Have You Warned Your Kids About Sexting?

Have You Warned Your Kids About Sexting?

‘Sexting’. It may seem harmless enough, but when you think about children, and the popularity and prevalence of the internet and mobile devices these days, it becomes much more of a thorny subject. This post looks at where sexting lies under criminal law.

What is sexting?

Sexting is when the internet or mobile devices are used to transmit nude or racy photos, usually of the person sending the message.

Is it a crime?

If the people involved are under 18, or the purpose of the sexting is to harass, then it can be.

Is sexting child pornography?

If the subject of the photo is under 18, sexting can be regarded as child pornography, and if the recipient is a child, it can be regarded as an ‘indecent act’.

What is child pornography?

The photo can be considered child pornography if it depicts a sexy pose or act, or shows a child in the presence of an adult performing a sexual pose or act.

Of course, when private parts are depicted this can, of course, be child pornography. However, a nude baby in a bath tub or on the beach is not child pornography unless it is offensive to the average person.

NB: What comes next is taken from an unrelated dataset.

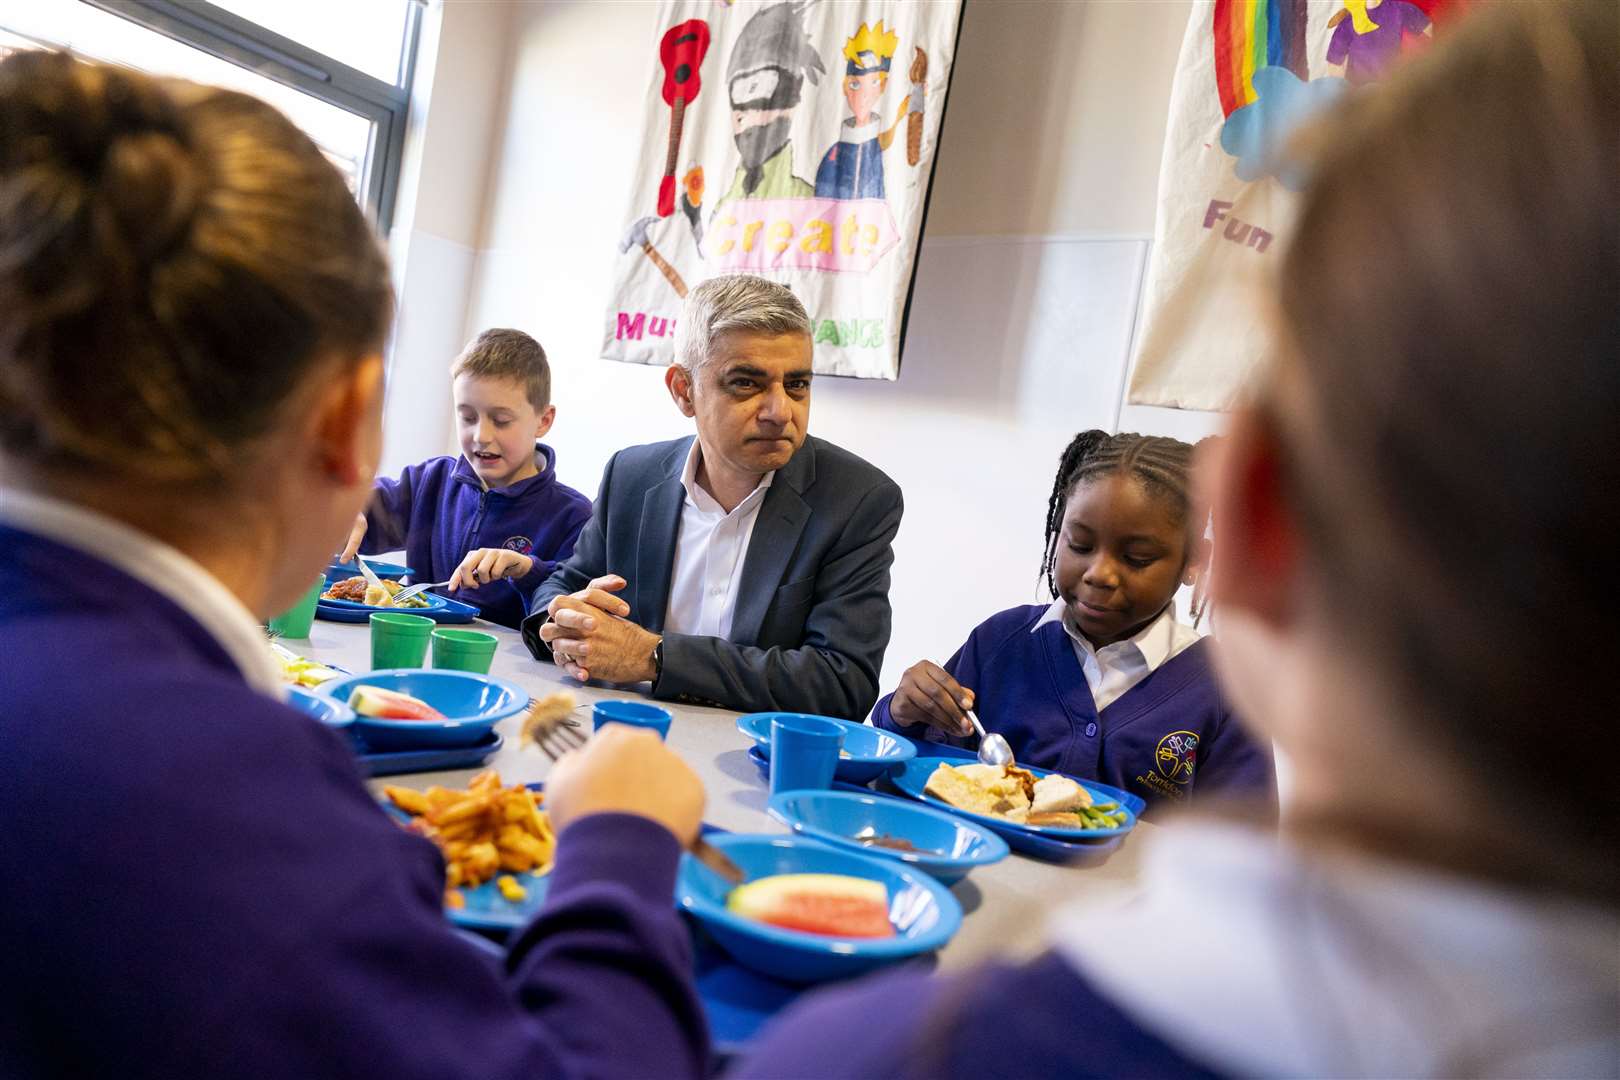 Mayor of London Sadiq Khan during a visit to Torridon Primary School in south east London, to announce the extension of free school meals in London’s primary schools (Jordan Pettitt/PA)

Child pornography is illegal for the person taking the photo and the one receiving it – even if you’re the recipient of a shared image. Even if you know the person depicted is 18, it can still be considered child pornography if they look under 18.

What if you’re under 18?

If you’re under 18, it is not illegal to take a photo of yourself, unless that ‘sexy’ photo shows you with someone more than two years younger or older than you, or depicts a crime such as underage sex or assault.

What are the penalties?

The penalties for child pornography are serious, with jail terms of up to 15 years and being mandatorily placed on the sex offender register.

However, because child porn penalties are not always appropriate for sexting, especially for young people, police and prosecutors can pursue less serious charges, such as warnings and school interventions. It’s important to warn your kids about the potential repercussions before they press send on an image!